In fact at SPAO, there is no external catering: the kitchen is internal, guided by a dedicated chef who works directly with each couple.
Chef understood our vision immediately,
they say.
Together, we created a menu that blended Milanese influences with traditional Tuscan cuisine, resulting in an experience that felt both sophisticated and deeply connected to the region.
They still smile when they talk about that dinner: risottos with Champagne and Norcia truffles, handmade pastas, veal in demi‑glace, side dishes that felt like generous gestures rather than simple accompaniments, and a dessert table that stretched into the night.
The food and wine exceeded our expectations and remain one of the aspects our guests talk about most
they say.
The only downside is that we can’t come back every year — we’ll have to convince our friends to get married there or save up for an anniversary!
Later, when they wrote about their experience in a public review, the message was just as enthusiastic:
We just had the most amazing wedding weekend at SPAO Borgo San Pietro Aquaeortus!

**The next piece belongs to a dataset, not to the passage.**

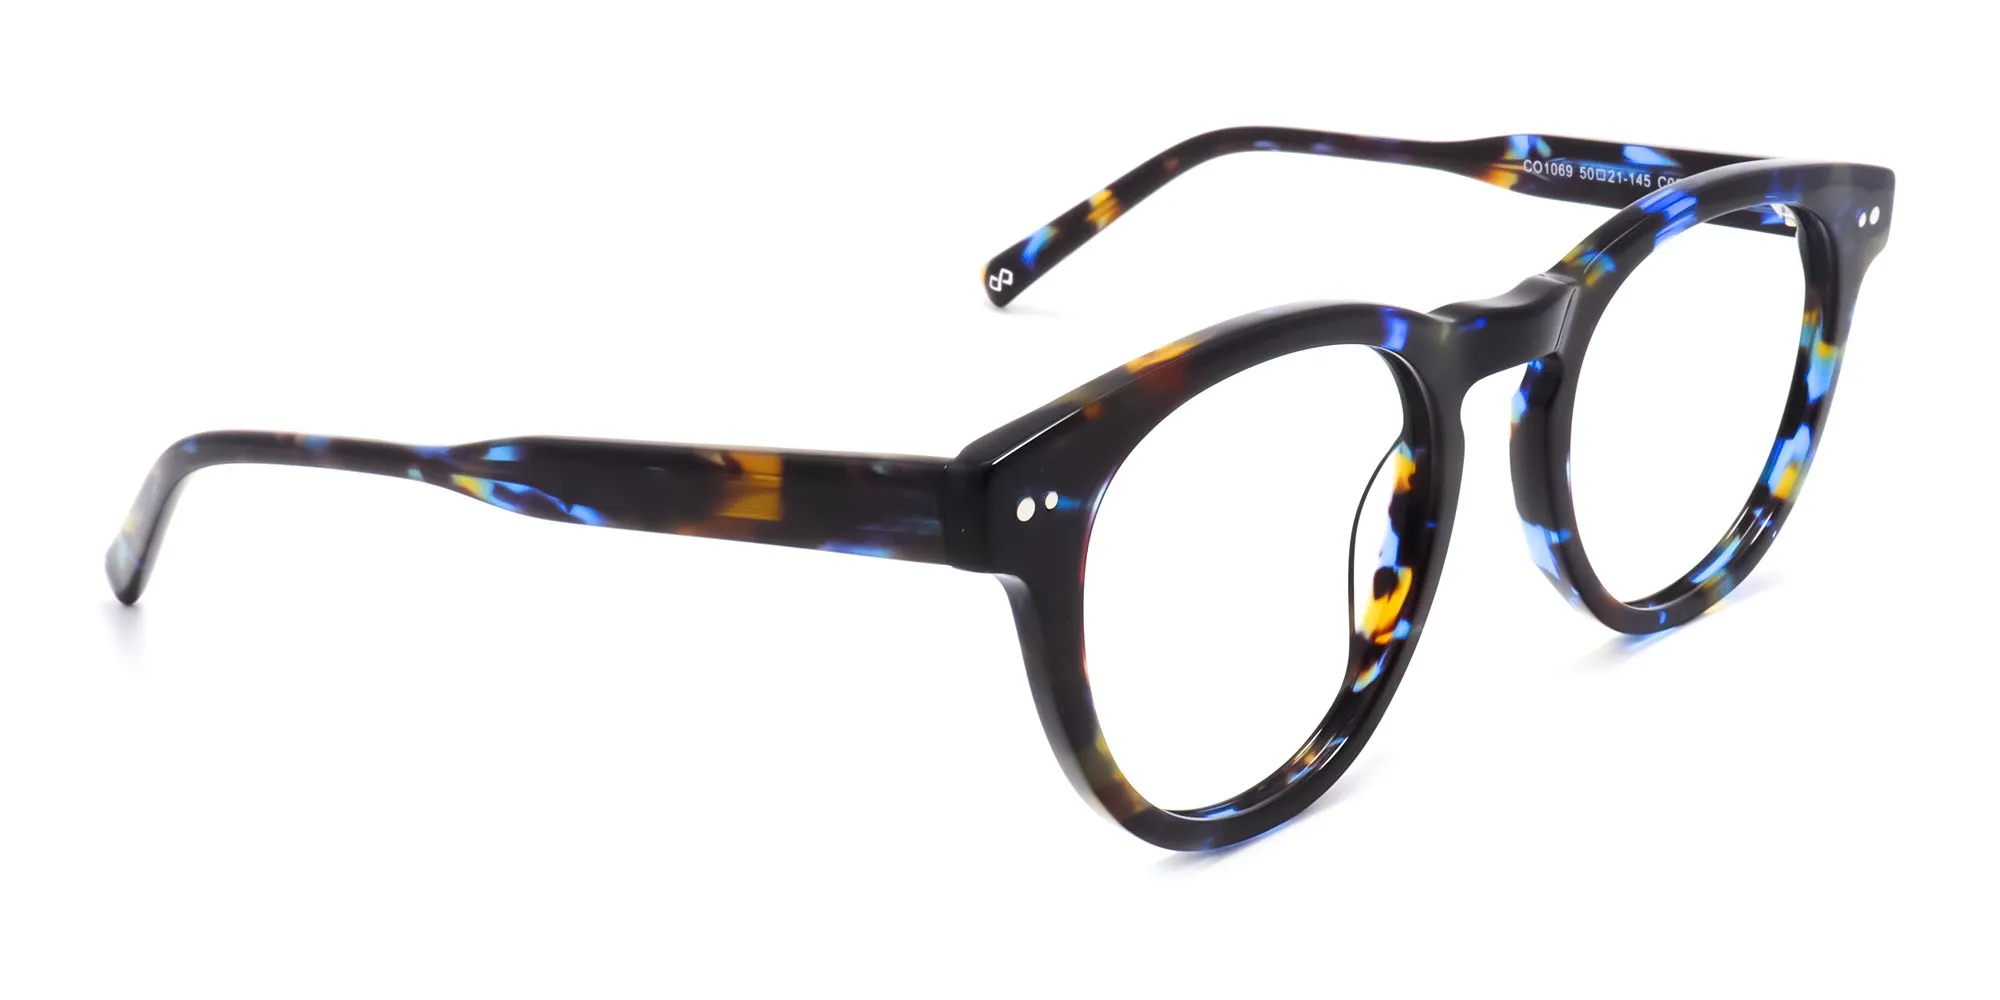 Blue Tortoise shell Glasses Frames-2

It was simply perfect!
they wrote.
Both the planning process with the team leading up to the wedding and the actual wedding weekend have been amazing. The entire team at SPAO made all our wedding dreams come true…

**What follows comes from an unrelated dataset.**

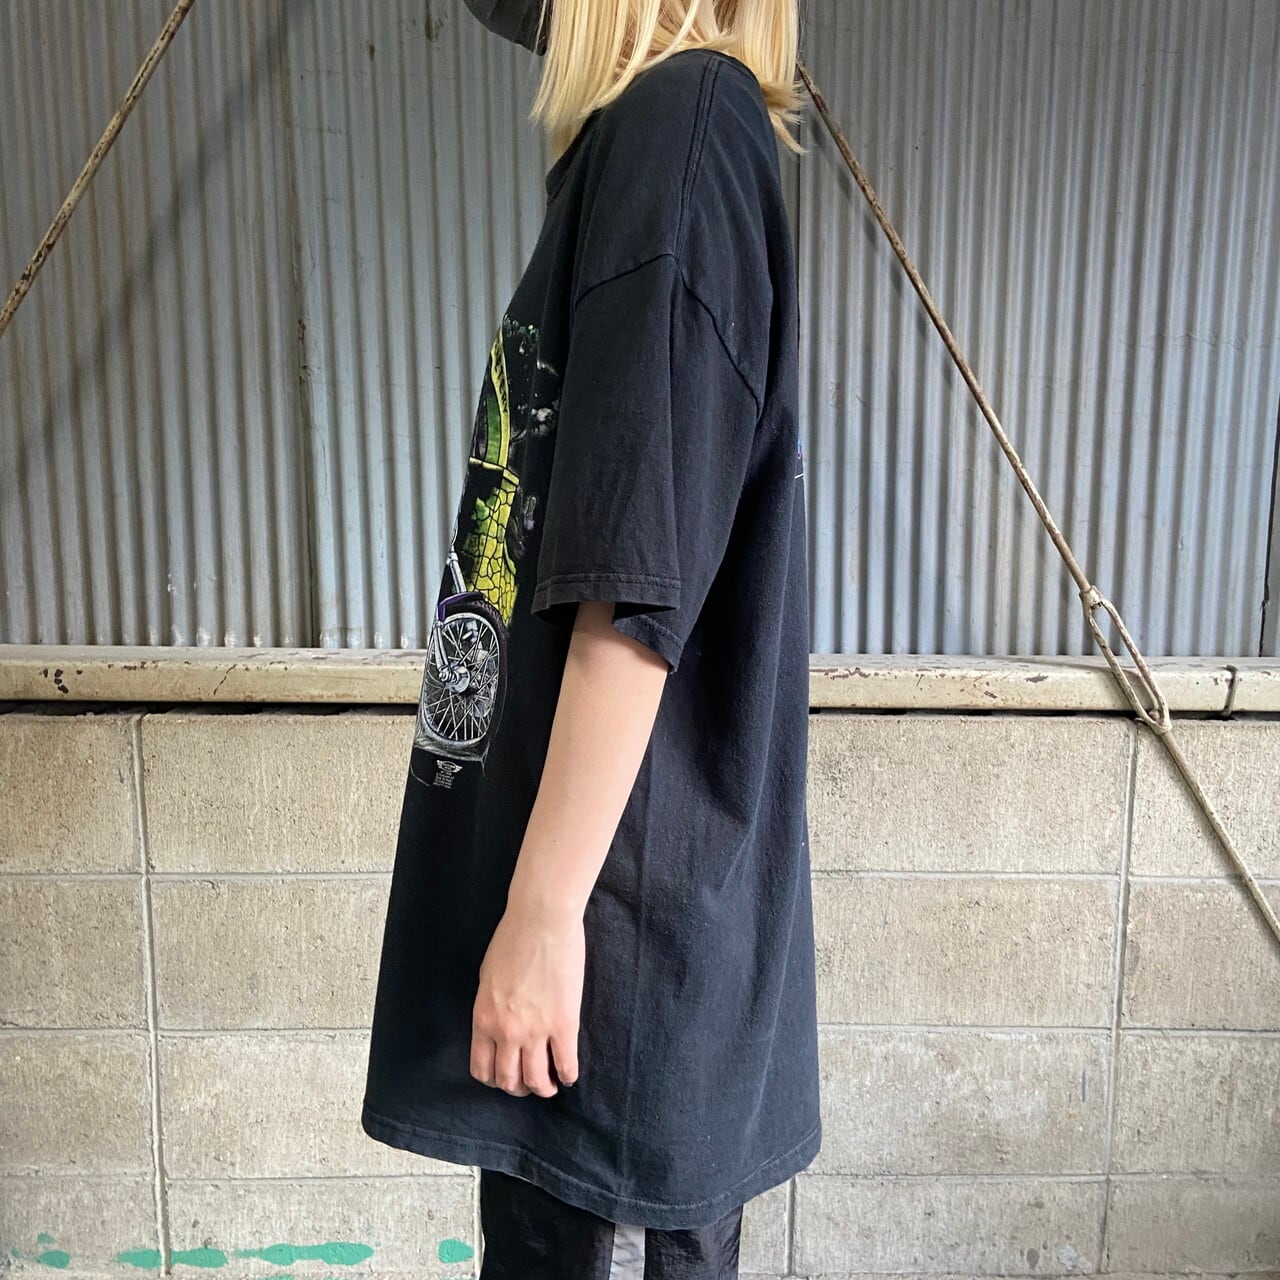 【00’s】バイクイベント ロック ファンキー プリント Tシャツ 黒 XL

Many Spaces, Many Moments: A Wedding Woven Over Days
One of the things they loved most about SPAO was the variety of spaces, both indoors and outdoors.
The property feels more like a private luxury estate or a royal park than a traditional wedding venue,
they say.
You can tell how much care goes into every corner — the grounds and gardens are maintained to perfection.

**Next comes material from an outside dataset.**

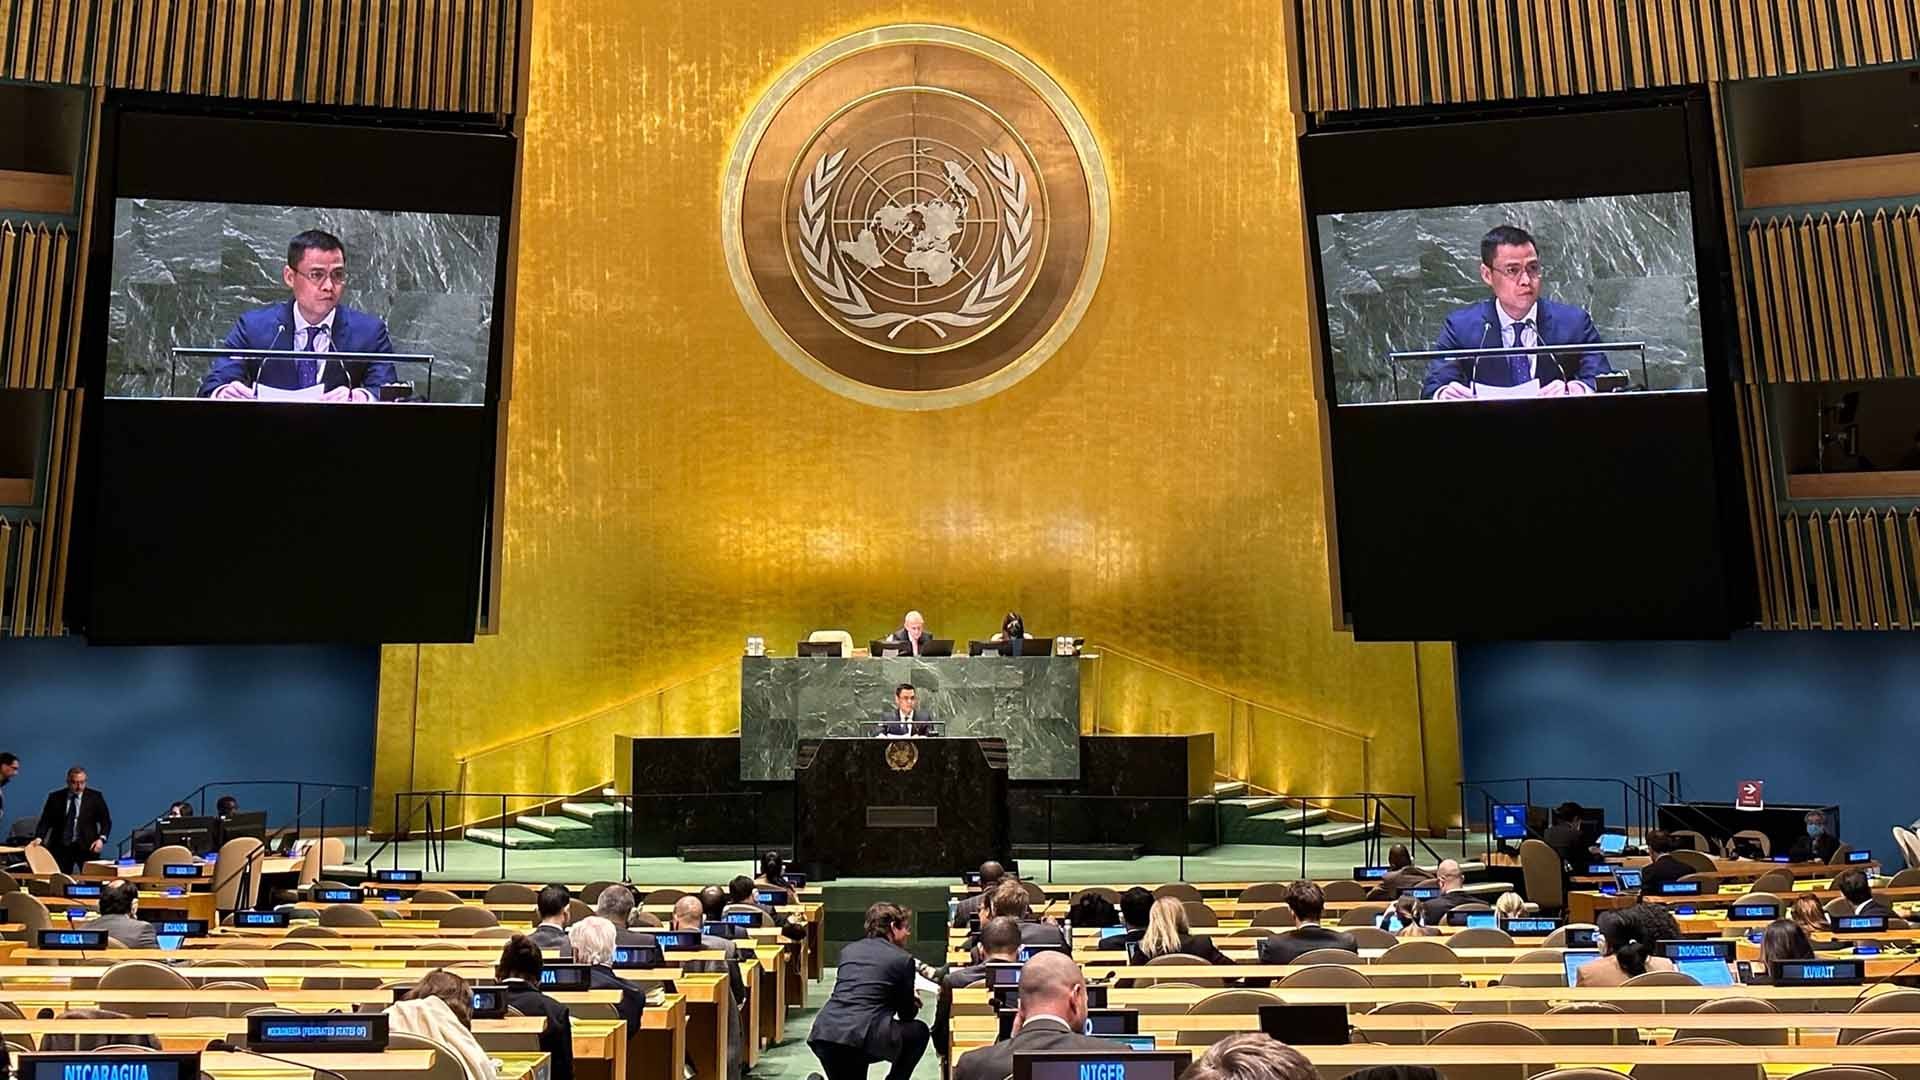 Phiên họp khẩn cấp lần thứ 11 của Đại hội đồng Liên hợp quốc để tiếp tục thảo luận về tình hình Ukraine, đúng một năm kể từ khi bắt đầu xung đột.

This meant that their Scandinavian wedding in Umbria could unfold across different settings:a welcome evening in one garden, the ceremony with the Umbrian landscape as a backdrop, aperitivo in a stone courtyard, dinner under the sky, and a late-night party in another part of the Borgo.
“It felt like every moment had its own place,”
they explain.
We never had to compromise between atmosphere and logistics — the Borgo simply adapted to what we wanted to create.
Because the Borgo was reserved entirely for them and their guests, they could move through the weekend at their own rhythm.
Guests spent the day by the pool, wandered between gardens, and gathered again in the evening as lights turned on and music began.
The gardens at SPAO are not a backdrop — they are a living part of the celebration.
Terraced into the hillside and surrounded by the dense green of the Umbrian woods, the grounds unfold across multiple levels: manicured lawns where chairs can be arranged for an open-air ceremony, stone-edged paths that lead from one courtyard to the next, panoramic terraces where the view opens suddenly and completely over the valley. From here, on a clear morning, you can see both Umbria and Tuscany at once — two landscapes held in a single glance, the hills rolling softly into a horizon that feels close enough to touch.
The panoramic swimming pool sits at the edge of the garden, suspended above the countryside. It is the kind of pool that draws people back again and again throughout the weekend — not only for the water, but for the feeling of being in the middle of something very beautiful and very still. Their guests spent mornings there, lying in the early light with the valley below, and the Borgo rising behind them like something out of a dream.
For ceremonies, the gardens offer what few venues can: a completely nature-immersed setting where the landscape itself becomes part of the ritual. Ceremonies can take place on the main lawn overlooking the valley, in the historical courtyards enclosed by stone walls, or in the more intimate spaces at the edge of the woodland — where the trees frame the light and the sounds of the Italian countryside fill the silence between words.
This is exactly what this couple described when they spoke about the Borgo’s outdoor spaces:
The property feels more like a private luxury estate or a royal park than a traditional wedding venue. You can tell how much care goes into every corner — the grounds and gardens are maintained to perfection.
And later, when asked what their guests talked about most after the weekend:
People still mention the mornings. The light, the hills, the quiet. Several guests said it was the first time in years that they had genuinely switched off. There is something about waking up in that landscape that makes everything feel different.